[Provided records Boundary: Start]
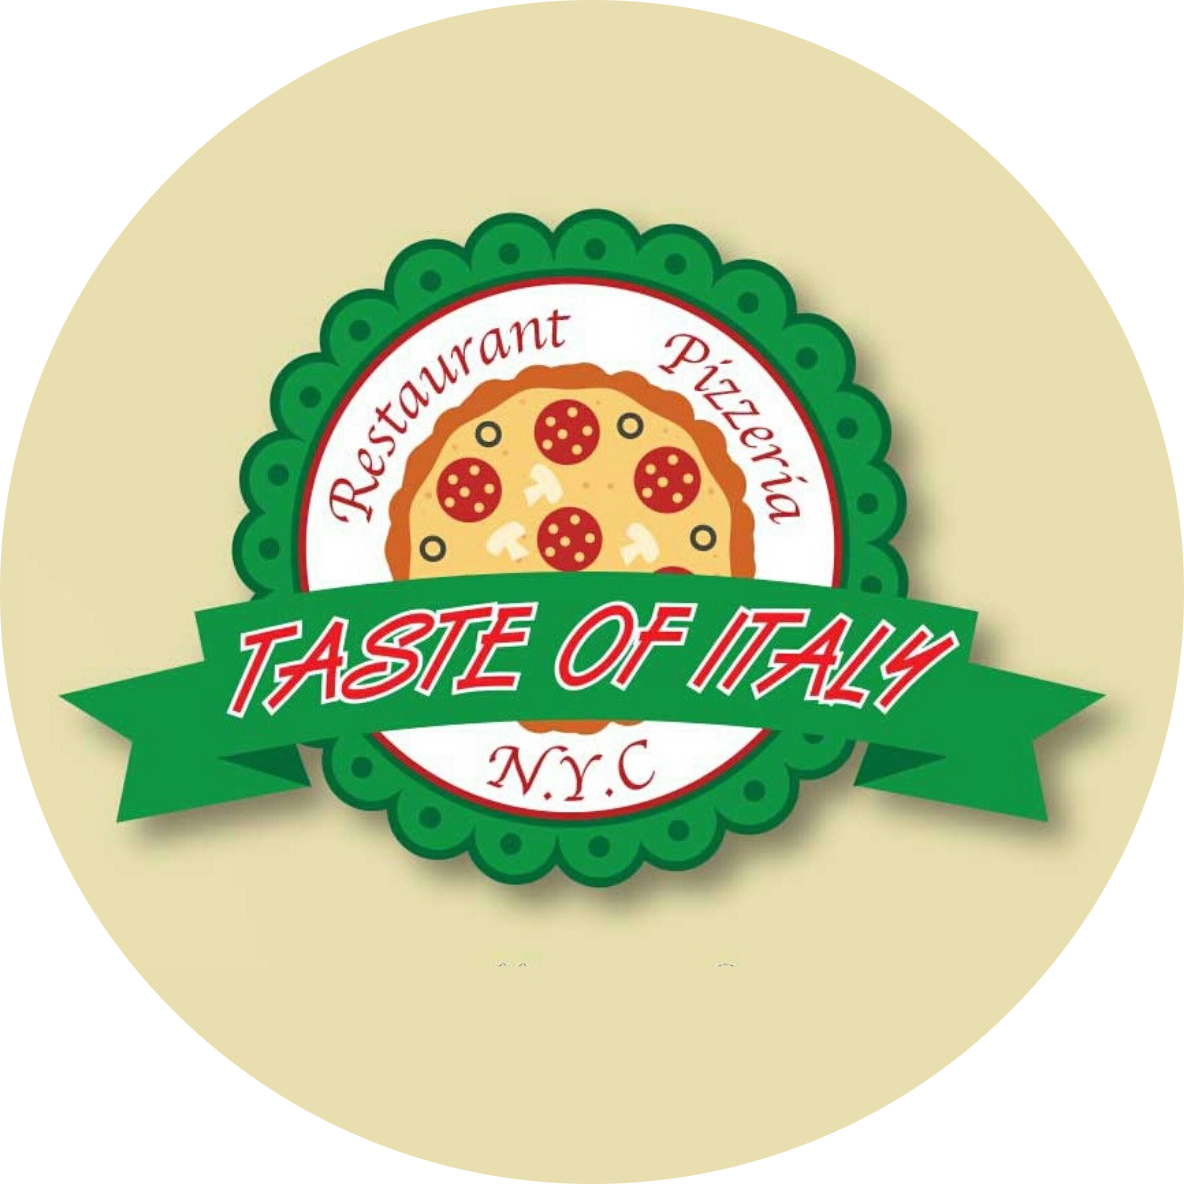 Taste of Italy Restaurant & Pizzeria NYC logo
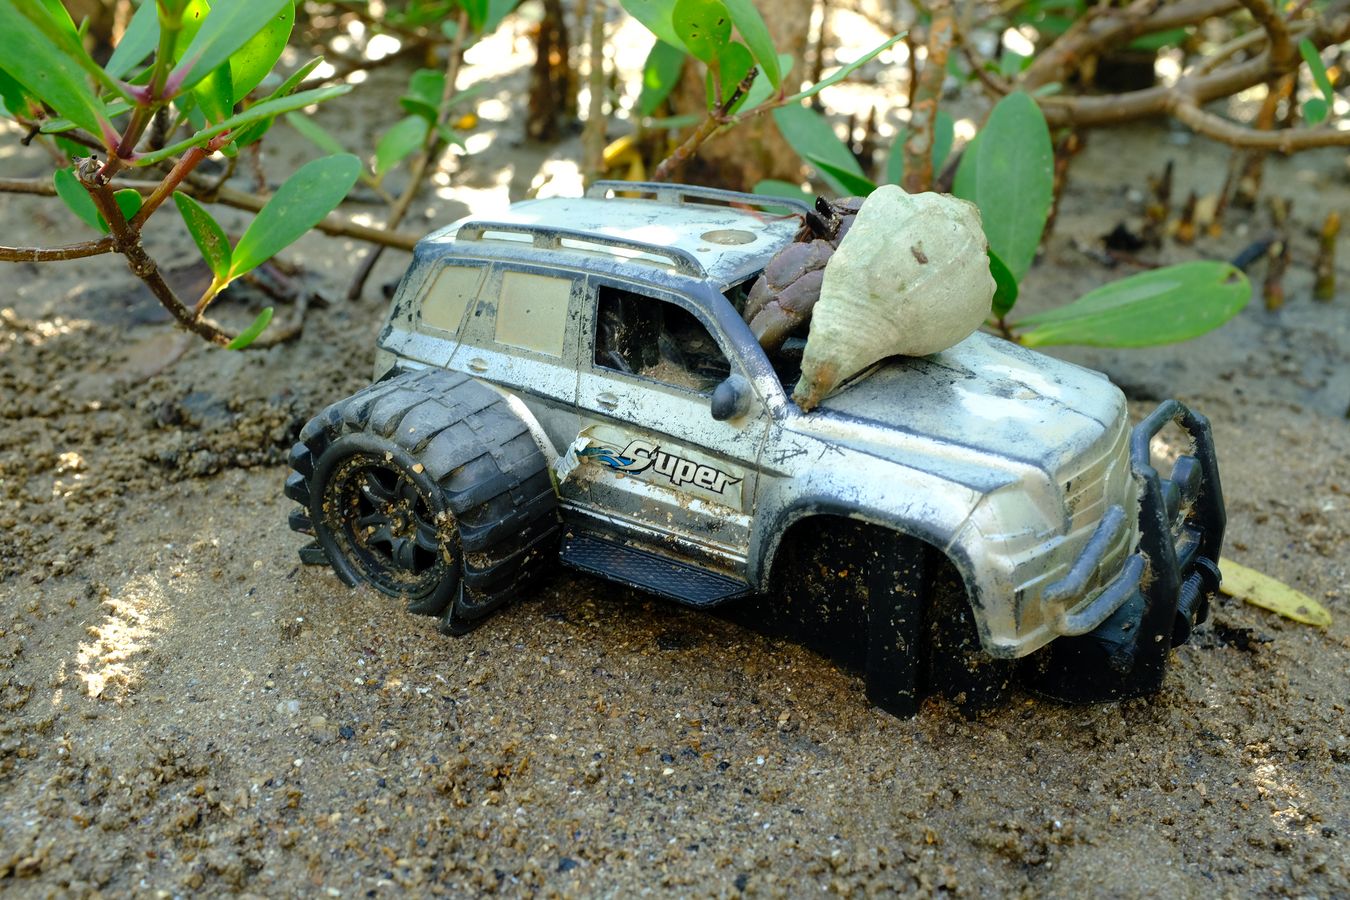 Viola Land Hermit Crab in a Toy Plastic Car in the Mangrove { Coenobita Violascens } 
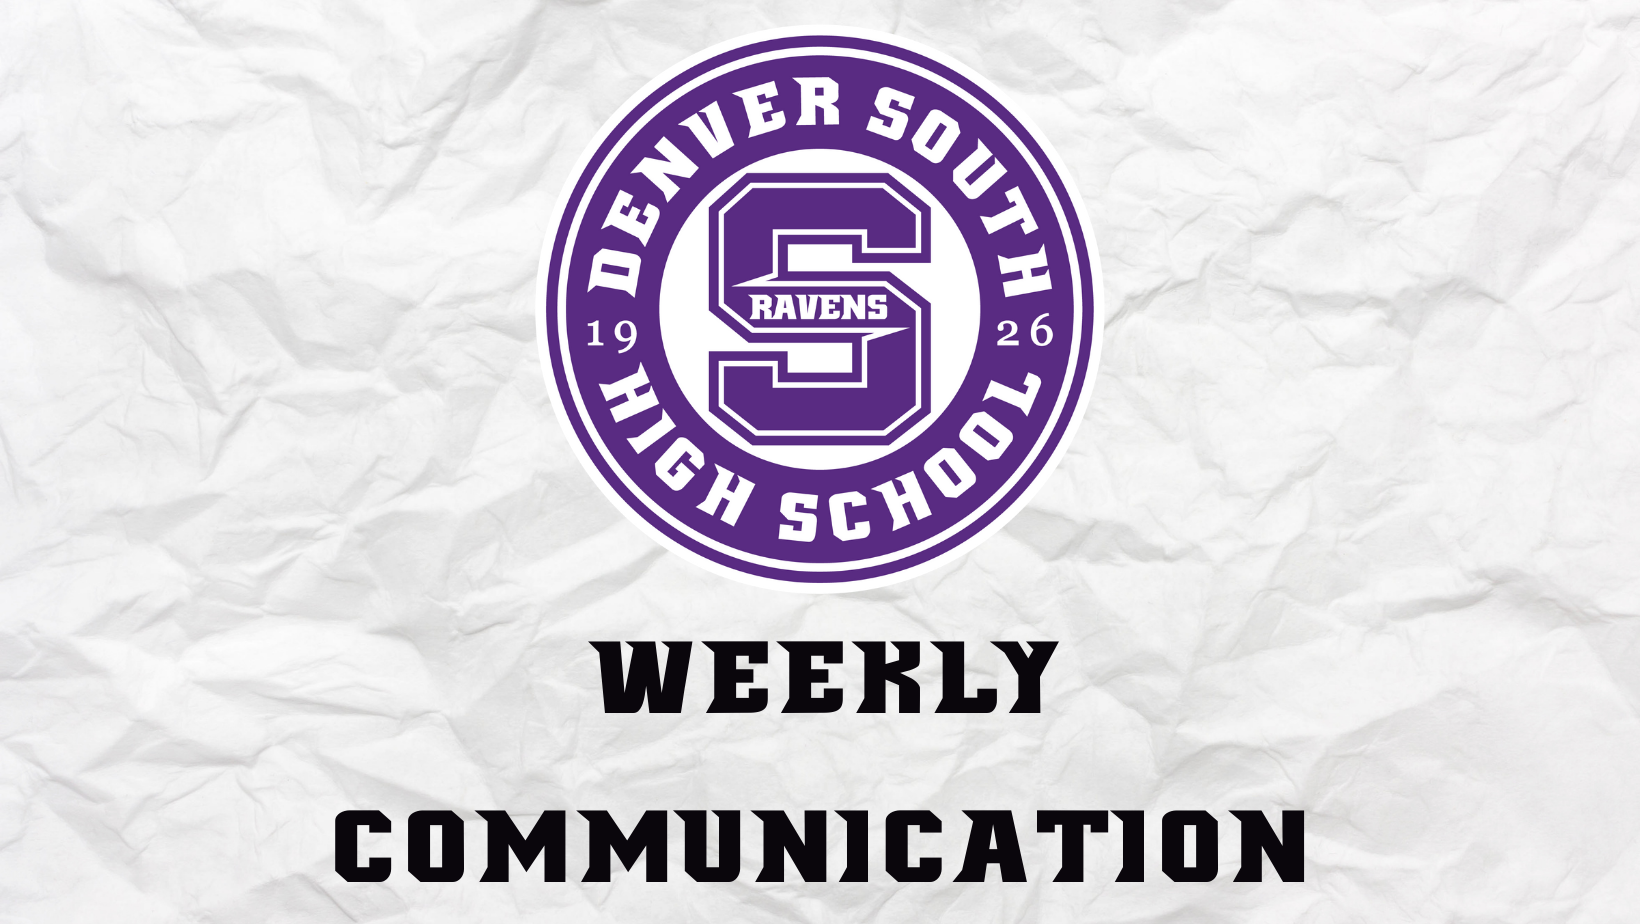 Denver South High School » Weekly Communication 20.20
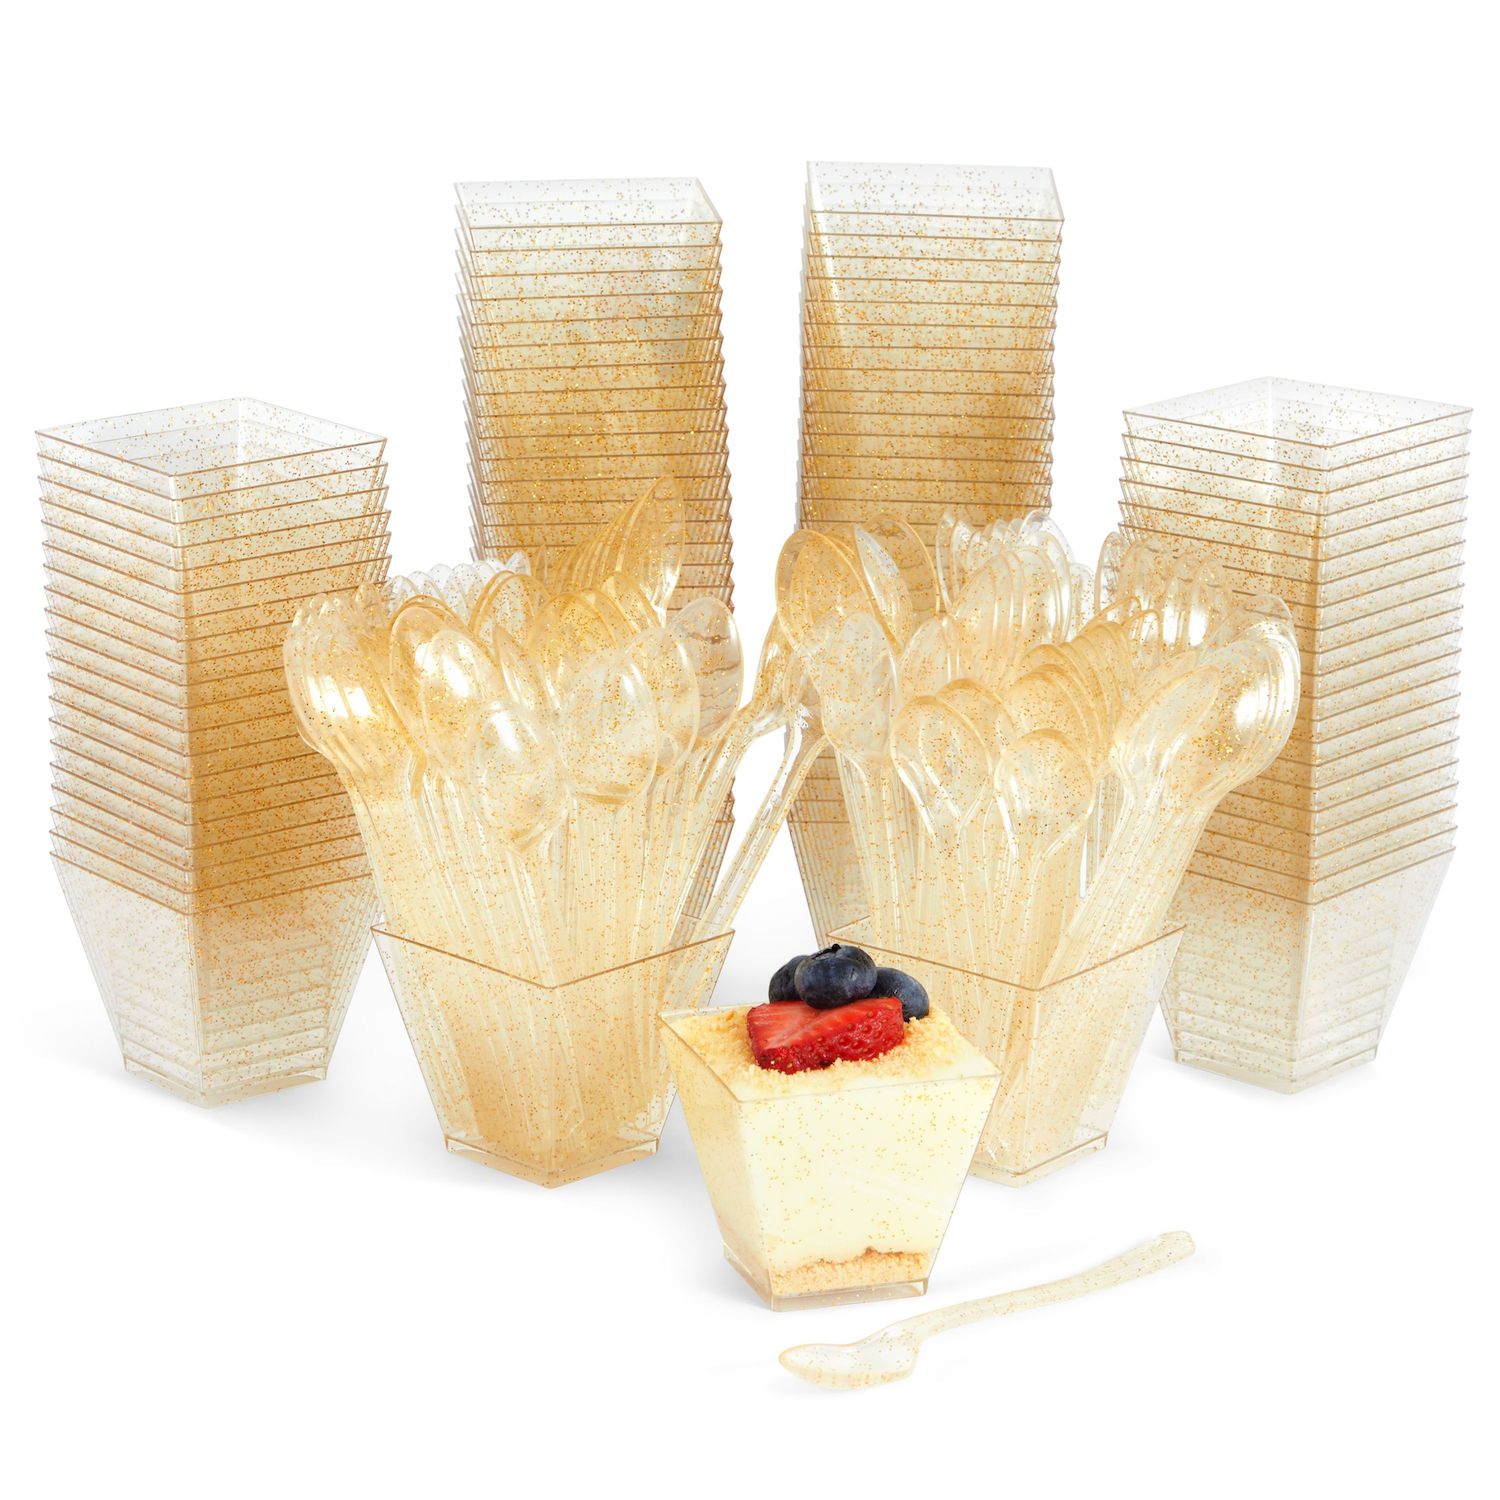 120 Pieces of Gold Glitter Mini Dessert Cups with Spoons, Plastic  Disposable Dessert Cups 3oz for Parfait, Shooters, Mousse, Appetizers,  Samples, Treats, Serves 60
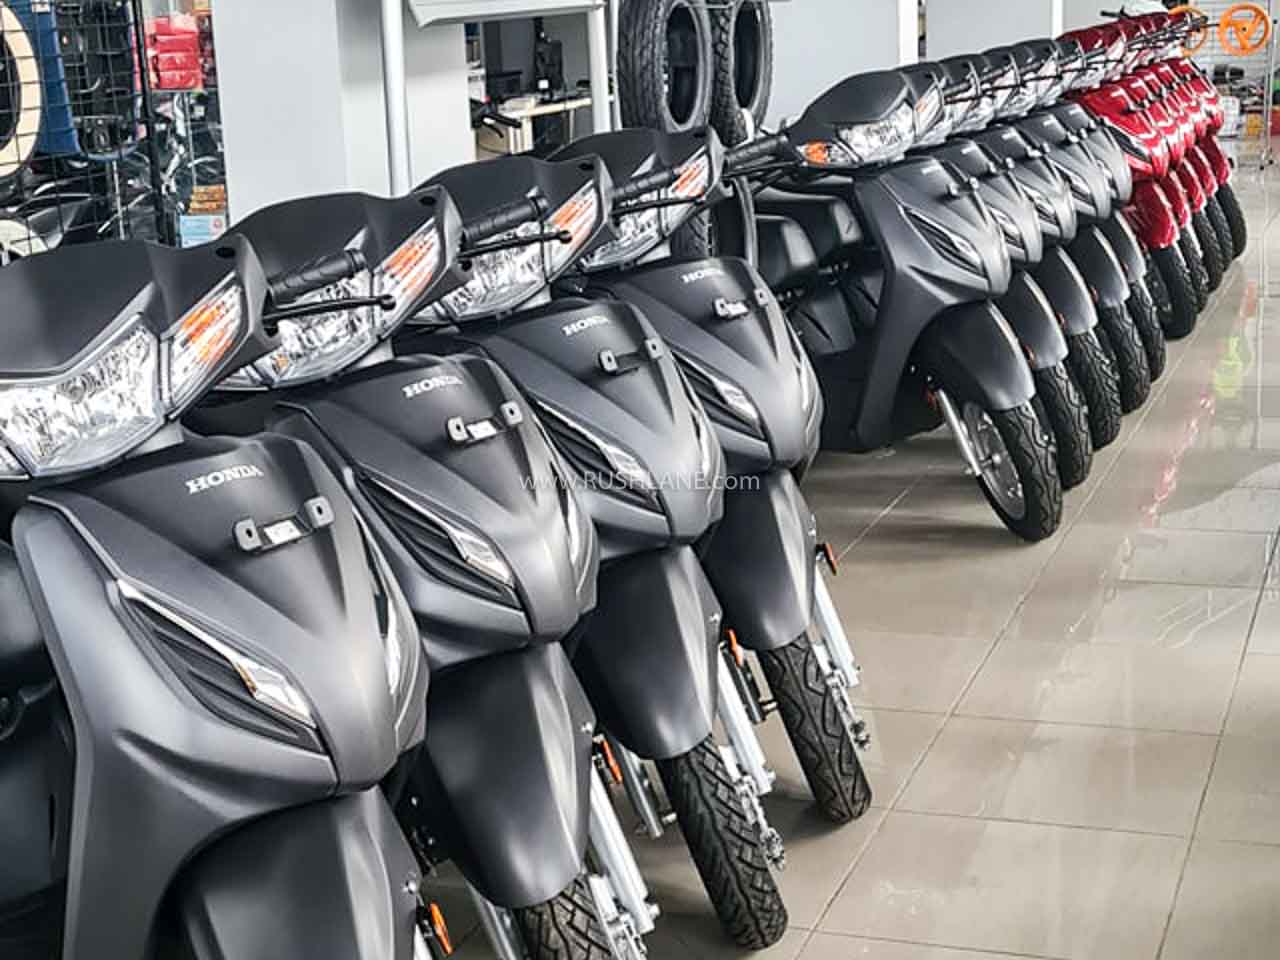 Honda Scooter, Motorcycle Sales July 2021
[Provided records Boundary: End]
*What to do*. Exactly as written, copy the entries above without their pictures.

*Task solution*.
 Taste of Italy Restaurant & Pizzeria NYC logo
 Viola Land Hermit Crab in a Toy Plastic Car in the Mangrove { Coenobita Violascens } 
 Denver South High School » Weekly Communication 20.20
 120 Pieces of Gold Glitter Mini Dessert Cups with Spoons, Plastic  Disposable Dessert Cups 3oz for Parfait, Shooters, Mousse, Appetizers,  Samples, Treats, Serves 60
 Honda Scooter, Motorcycle Sales July 2021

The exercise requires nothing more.